Offline Canada Darrell™

How about a "Little Johnny" joke thread?
« on: December 22, 2010, 11:38:46 PM »
Little Mary was not the best student in Sunday school. Usually she slept through the class. One day the teacher called on her while she was napping, "Tell me, Mary, who created the universe? " When Mary didn't stir, little Johnny, an altruistic boy seated in the chair behind her, took a pin and jabbed her in the rear. "God Almighty! " shouted Mary. The teacher said, "Very good! " and Mary fell back to sleep.

A while later the teacher asked Mary, "Who is our Lord and Savior? ", but Mary didn't even stir from her slumber. Once again, Johnny came to the rescue and stuck her again. "Jesus Christ! " shouted Mary. The teacher said, "Very good! " and Mary fell back to sleep.

Then the teacher asked Mary a third question, "What did Eve say to Adam after she had her twenty-third child? " Again, Johnny jabbed her with the pin. This time Mary jumped up and shouted, "If you stick that damn thing in me one more time, I'll break it in half! " The Teacher fainted."
« Last Edit: December 22, 2010, 11:48:33 PM by Canada Darrell »

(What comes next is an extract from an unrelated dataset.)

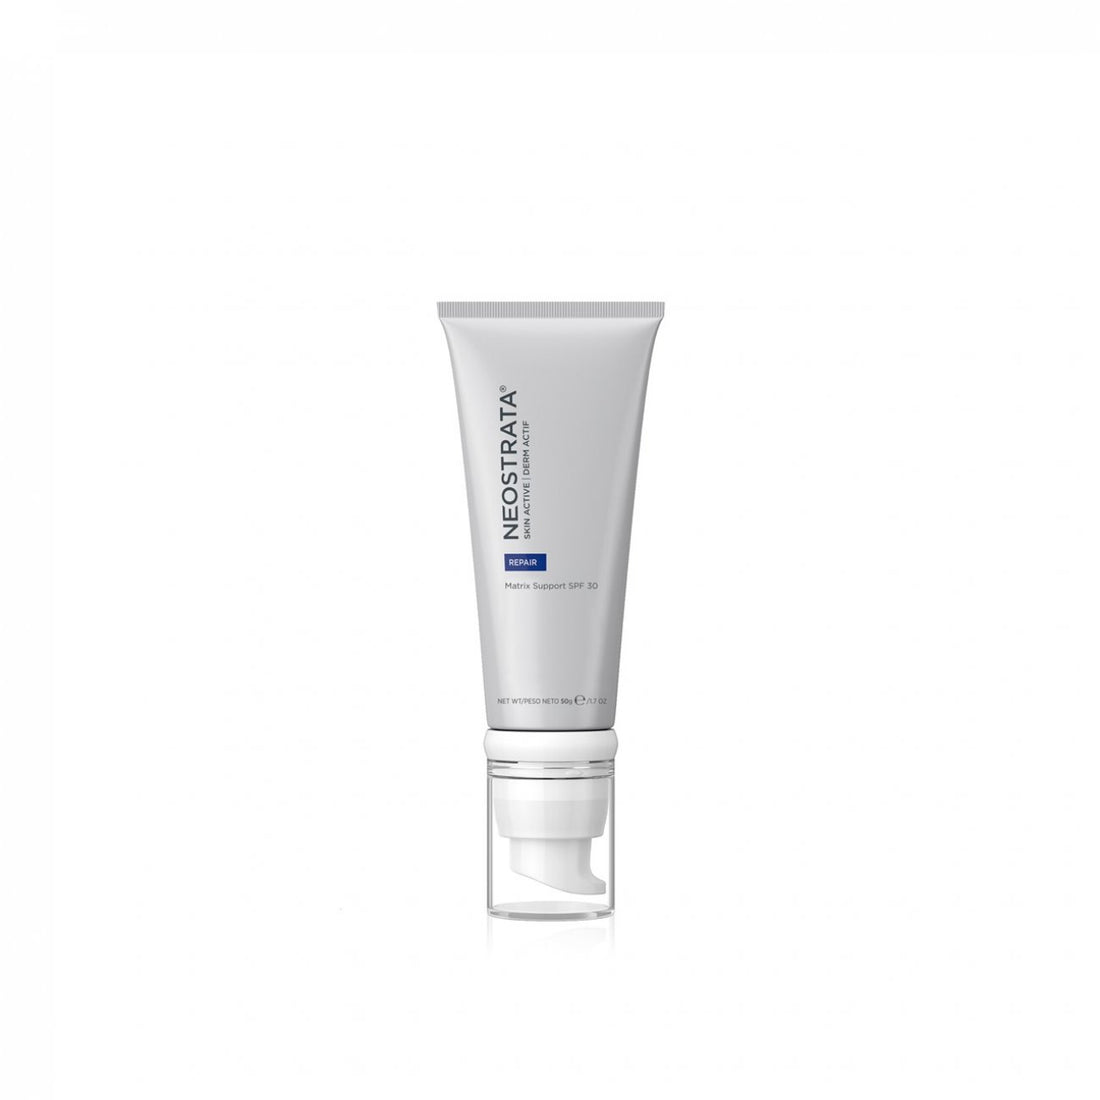 NeoStrata Skin Active Matrix Support Concentrated Cream SPF30 50g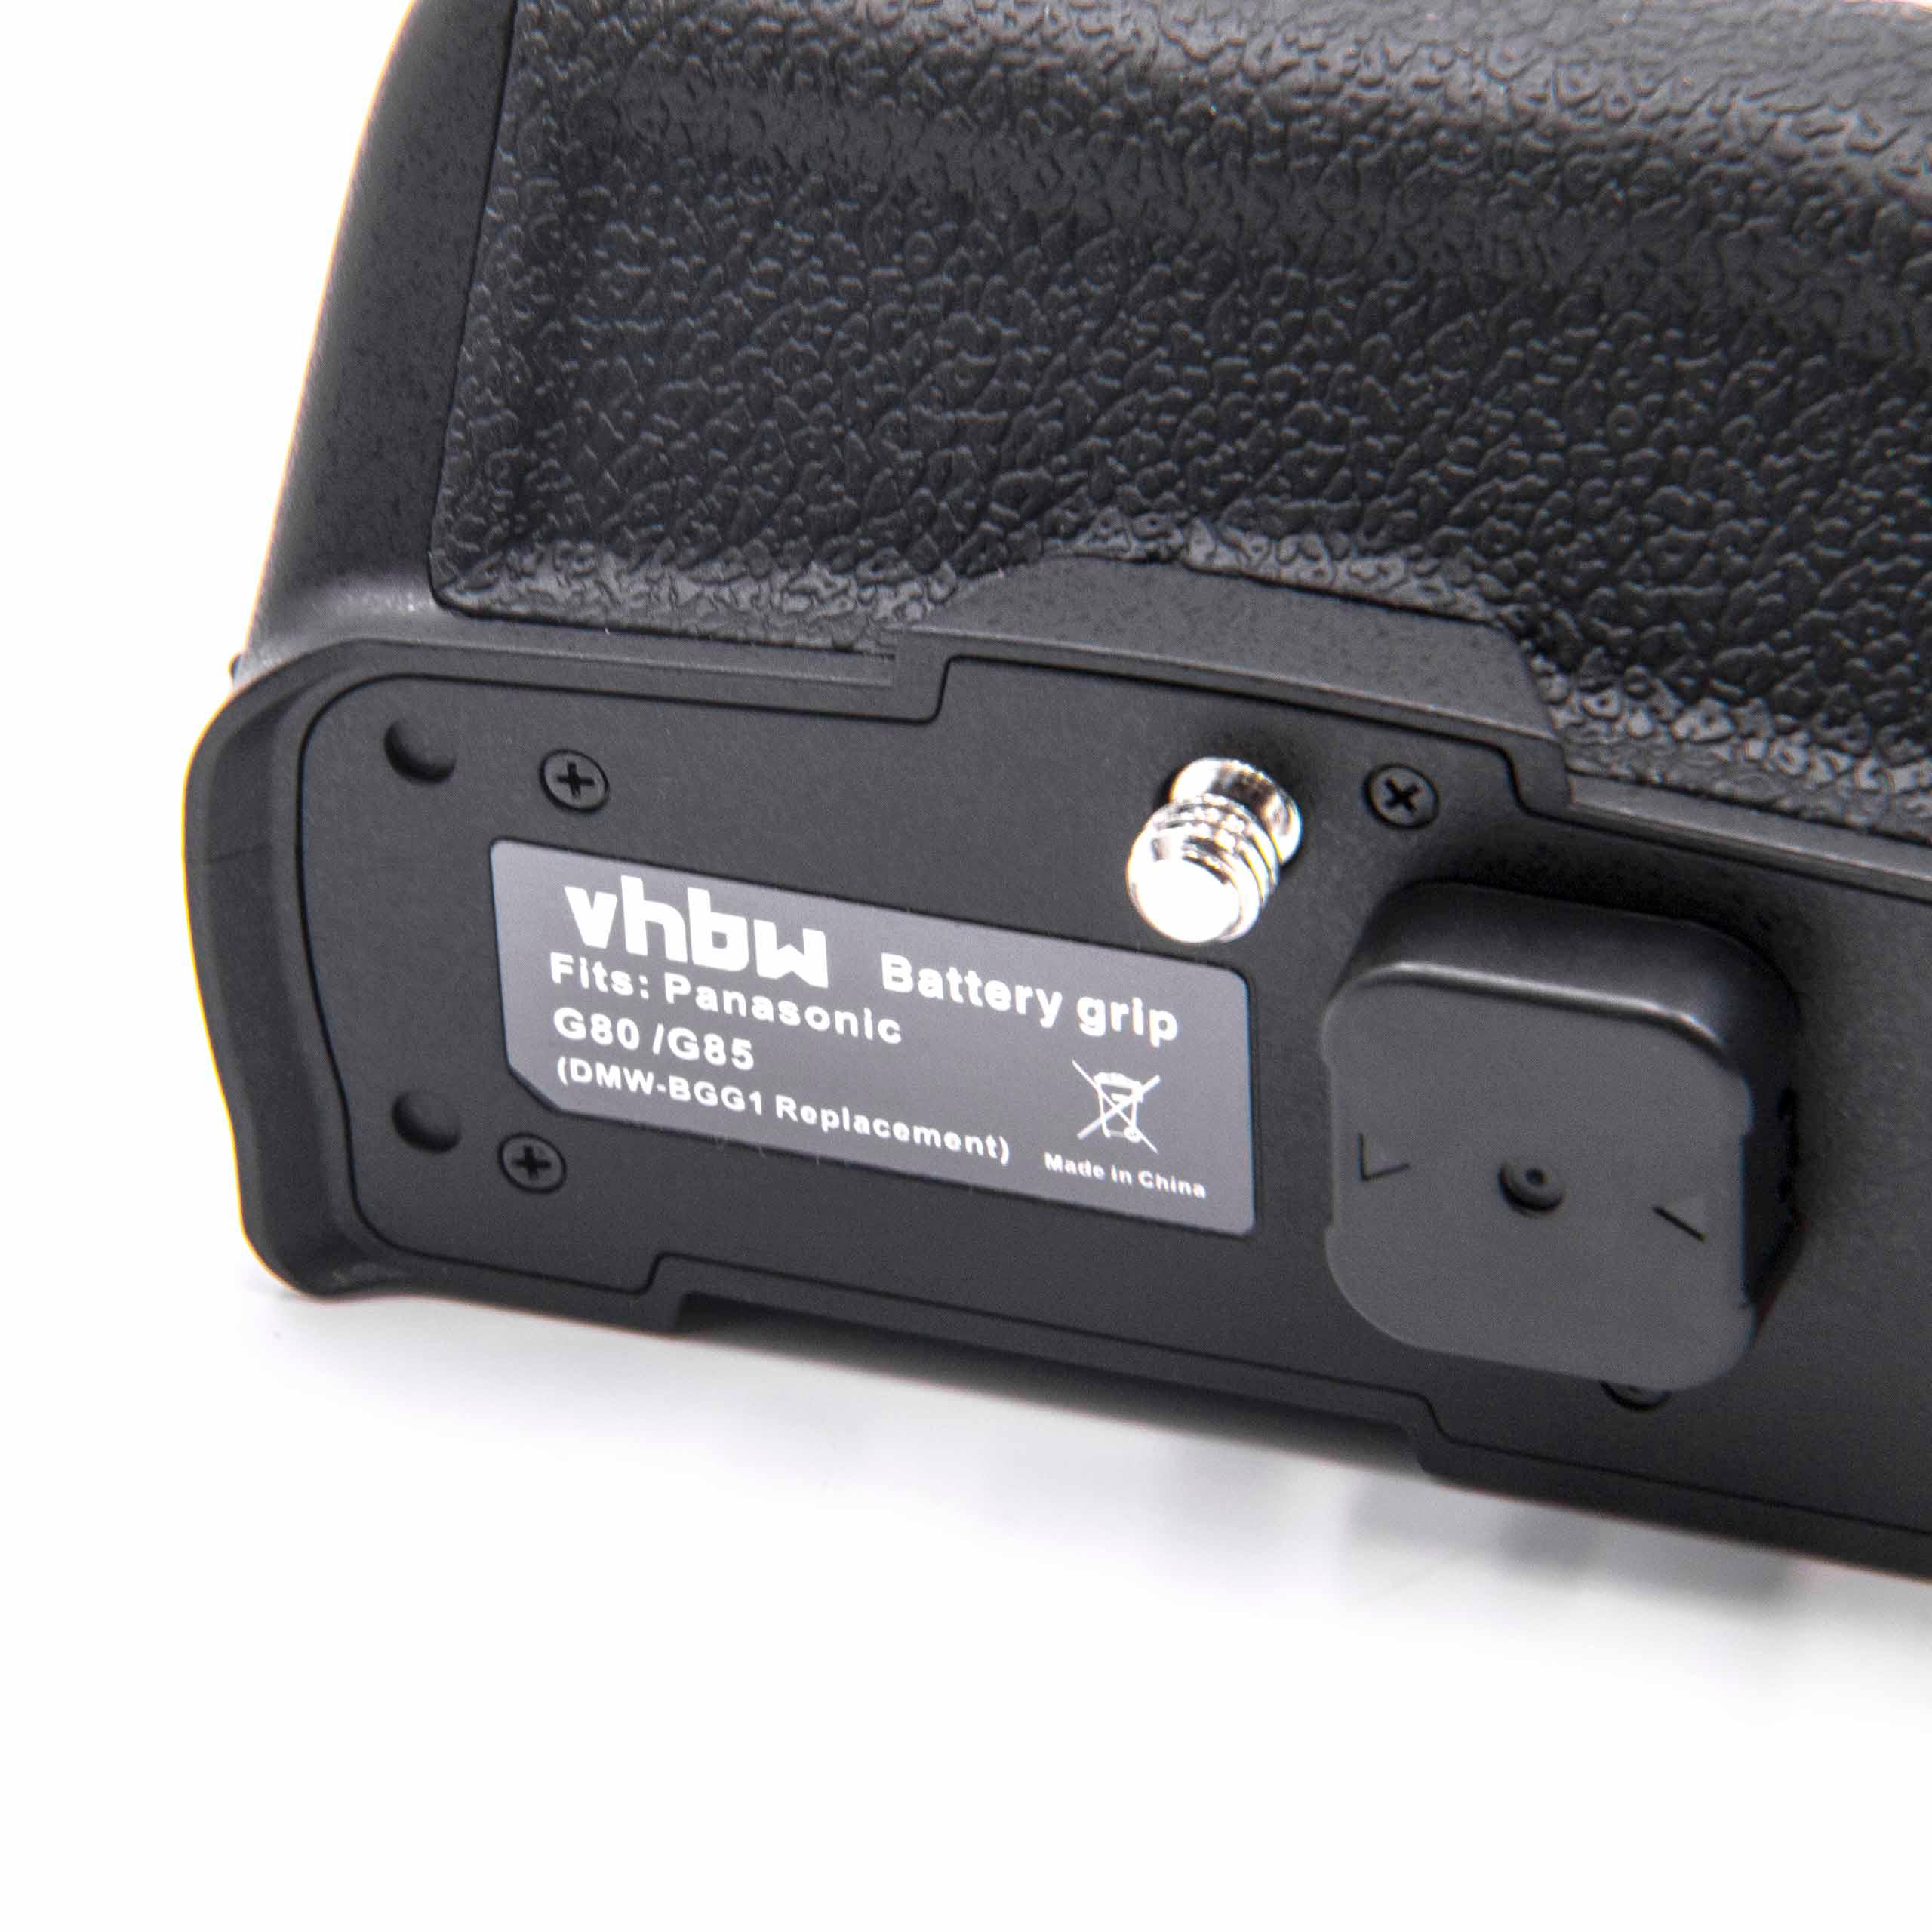 Battery Grip replaces Panasonic DMW-BGG1 for Panasonic Camera - Incl. Mode Dial

Kimi's back! Future double WDC.

Offline Dare

Re: How about a "Little Johnny" joke thread?
« Reply #1 on: December 23, 2010, 02:03:49 AM »
 :D
Mark Twain once opined, "it's easier to con someone than to convince them they've been conned."

Offline Dare

Re: How about a "Little Johnny" joke thread?
« Reply #2 on: December 23, 2010, 02:05:41 AM »
One day, during a lesson on proper grammar, the teacher asked for a show of hands from those who could use the word "beautiful" in the same sentence twice. First, she called on little Suzie, who responded with, "My father bought my mother a beautiful dress and she looked beautiful in it."
"Very good, Suzie," replied the teacher. She then called on little Michael. "My mommy planned a beautiful banquet and it turned out beautifully," he said.
"Excellent, Michael!"
Then, the teacher called on Little Johnny. "Last night, at the dinner table, my sister told my father that she was pregnant, and he said, 'Beautiful, ...just #$&#*&^# beautiful!
Mark Twain once opined, "it's easier to con someone than to convince them they've been conned."

Offline Canada Darrell™

Re: How about a "Little Johnny" joke thread?
« Reply #3 on: December 23, 2010, 06:50:16 AM »
 :DD
Kimi's back! Future double WDC.

Offline Canada Darrell™

Re: How about a "Little Johnny" joke thread?
« Reply #4 on: December 23, 2010, 06:53:01 AM »
"Why do you look so glum today? ", the teacher asked young Johnny. "I didn't have no breakfast," Johnny mumbled. "You poor dear," said the teacher. "Now, to return to our geography lesson, Johnny, where is the French border? " "In bed with my mom. That's why I didn't have no breakfast. "
Kimi's back! Future double WDC.

Offline Dare

Re: How about a "Little Johnny" joke thread?
« Reply #5 on: December 23, 2010, 02:28:00 PM »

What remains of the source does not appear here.